---------- Available data

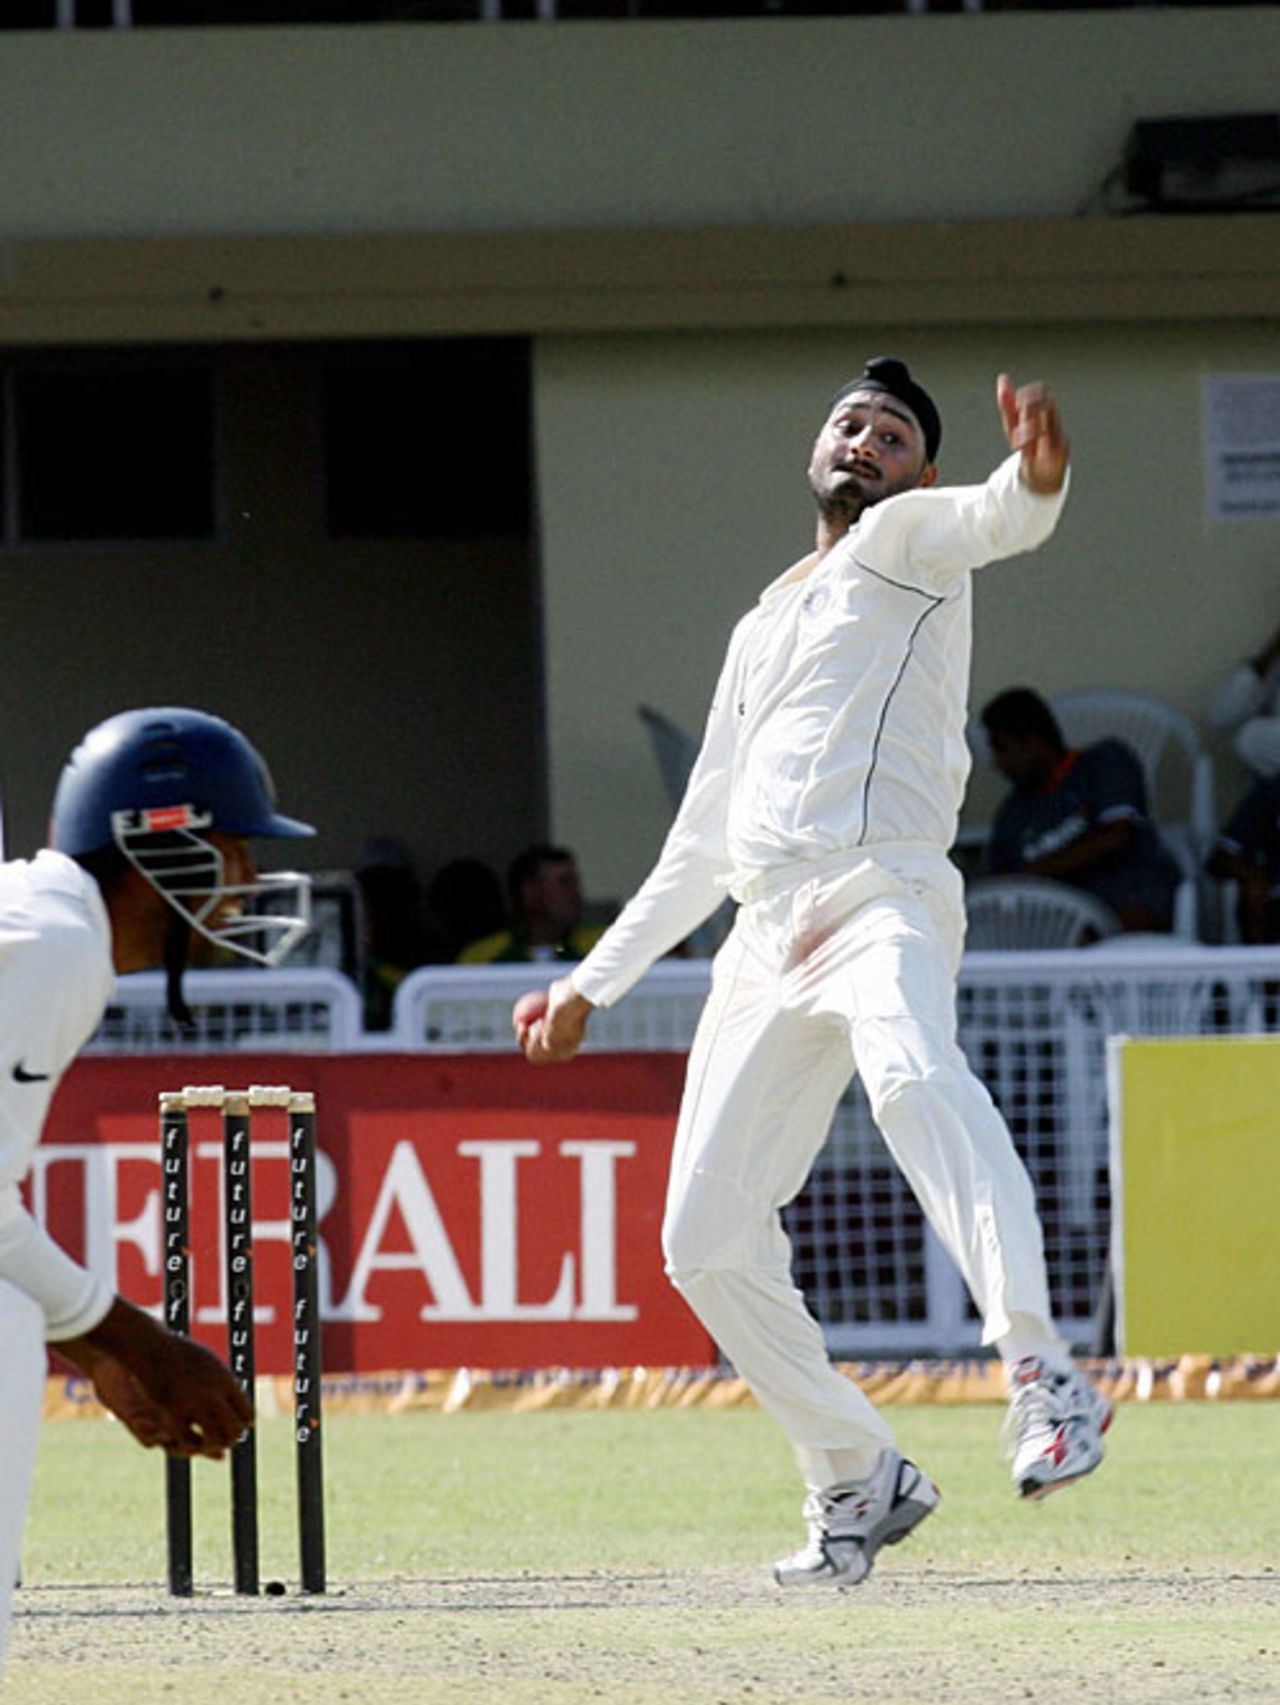 Harbhajan Singh picked up 4 for 44, India v South Africa, 3rd Test, Kanpur, 3rd day, April 13, 2008
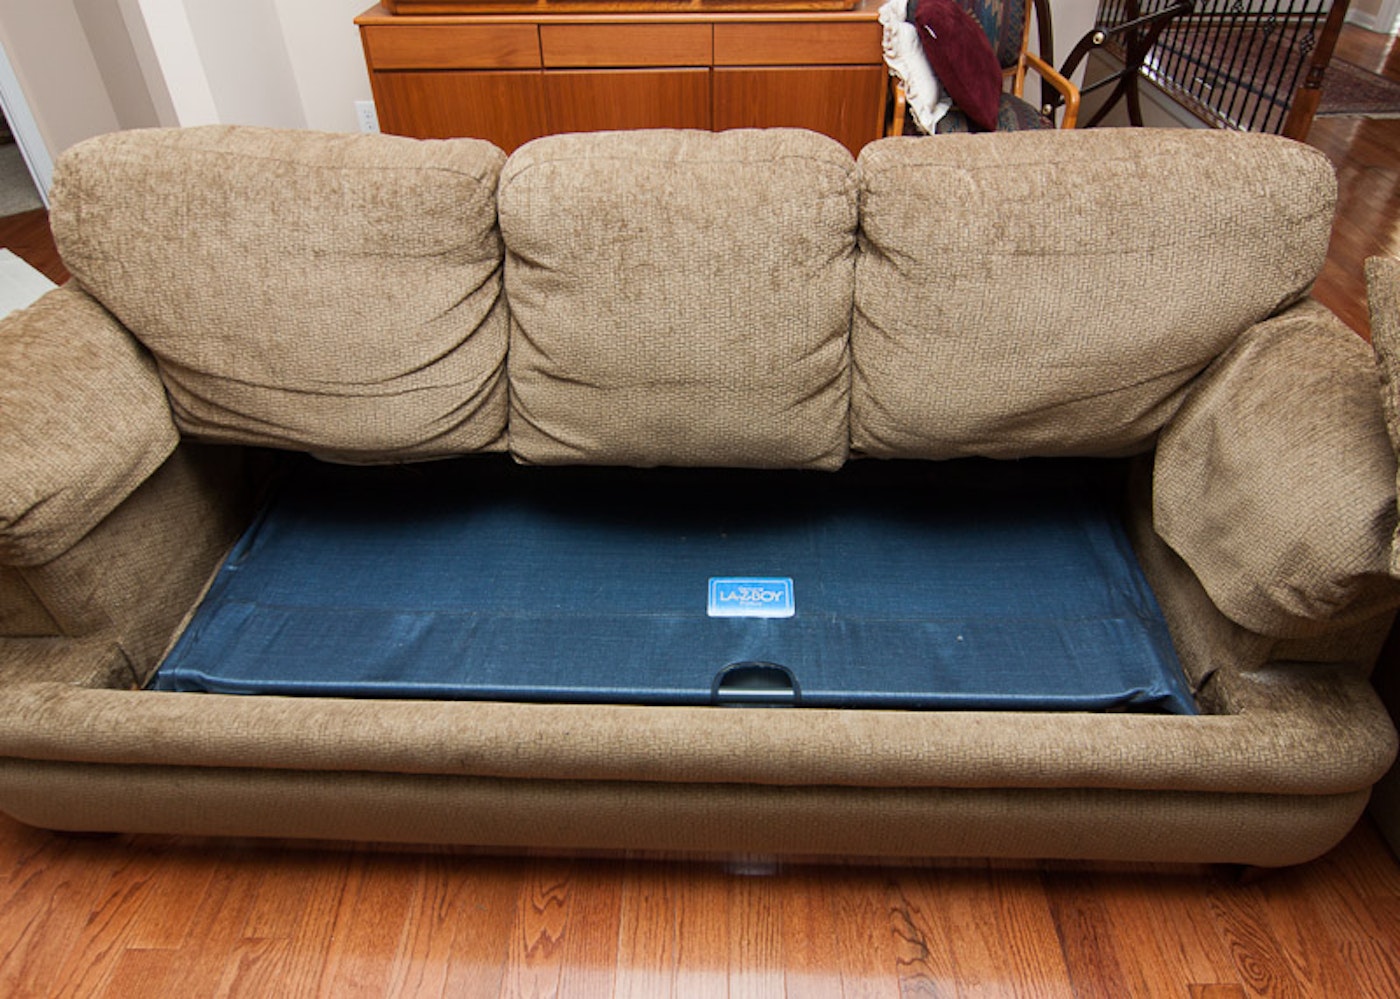 lazyboy small sofa bed
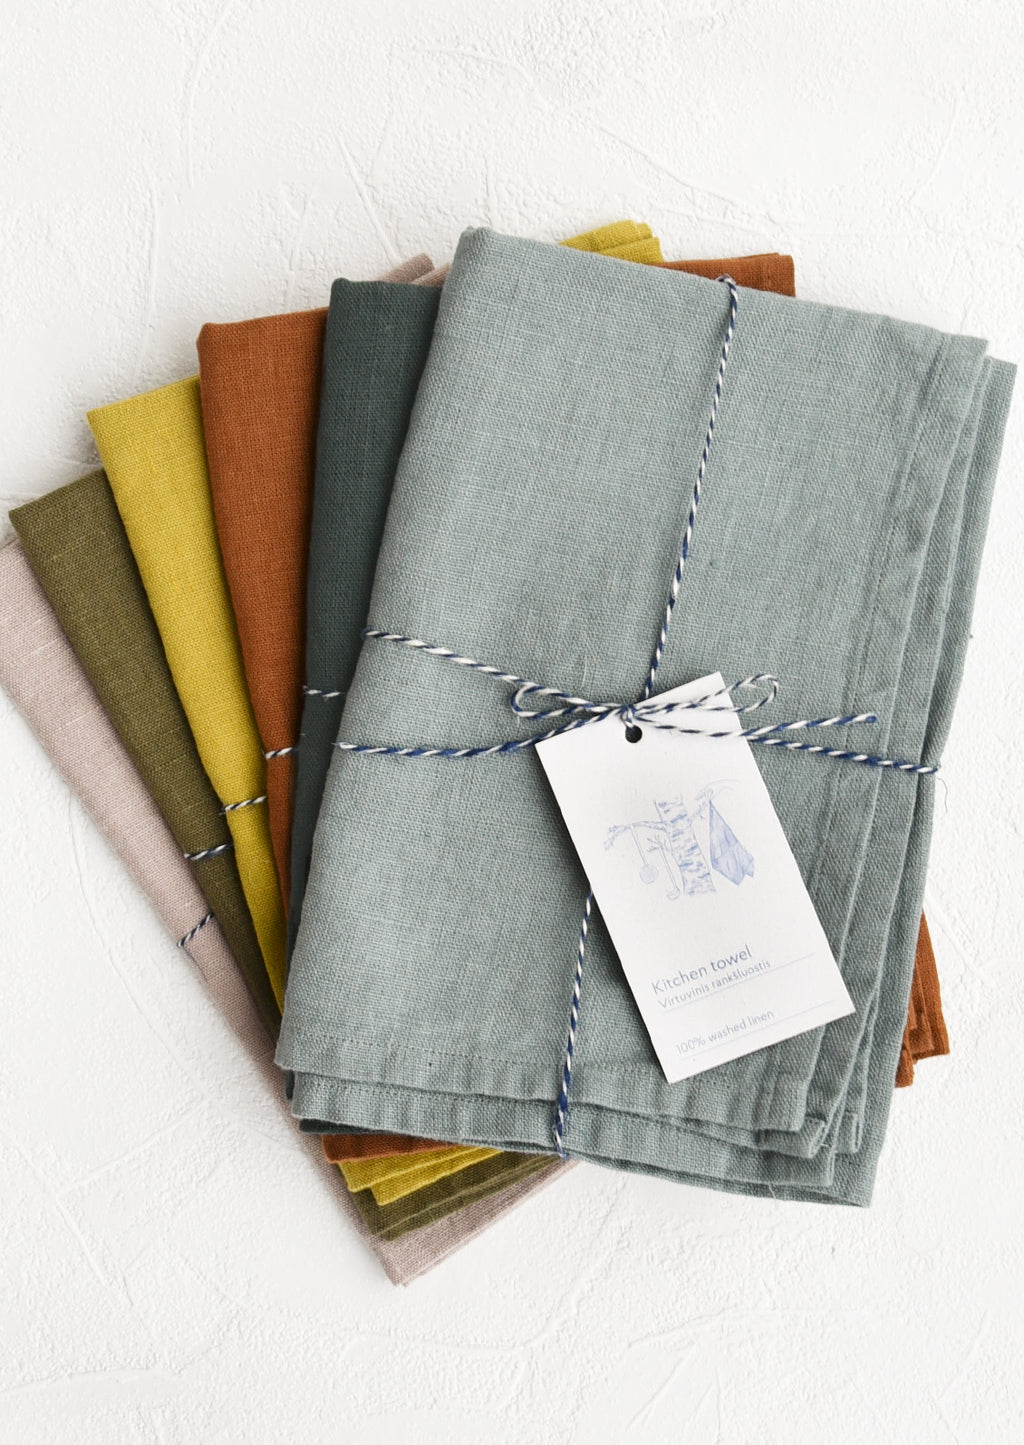 2: A stack of linen tea towels in assorted colors

--------------------

> [Exercise objective] Please return the lines above exactly, with the pictures omitted.

> [Solution for this task]
 Harbhajan Singh picked up 4 for 44, India v South Africa, 3rd Test, Kanpur, 3rd day, April 13, 2008
 lazyboy small sofa bed
 2: A stack of linen tea towels in assorted colors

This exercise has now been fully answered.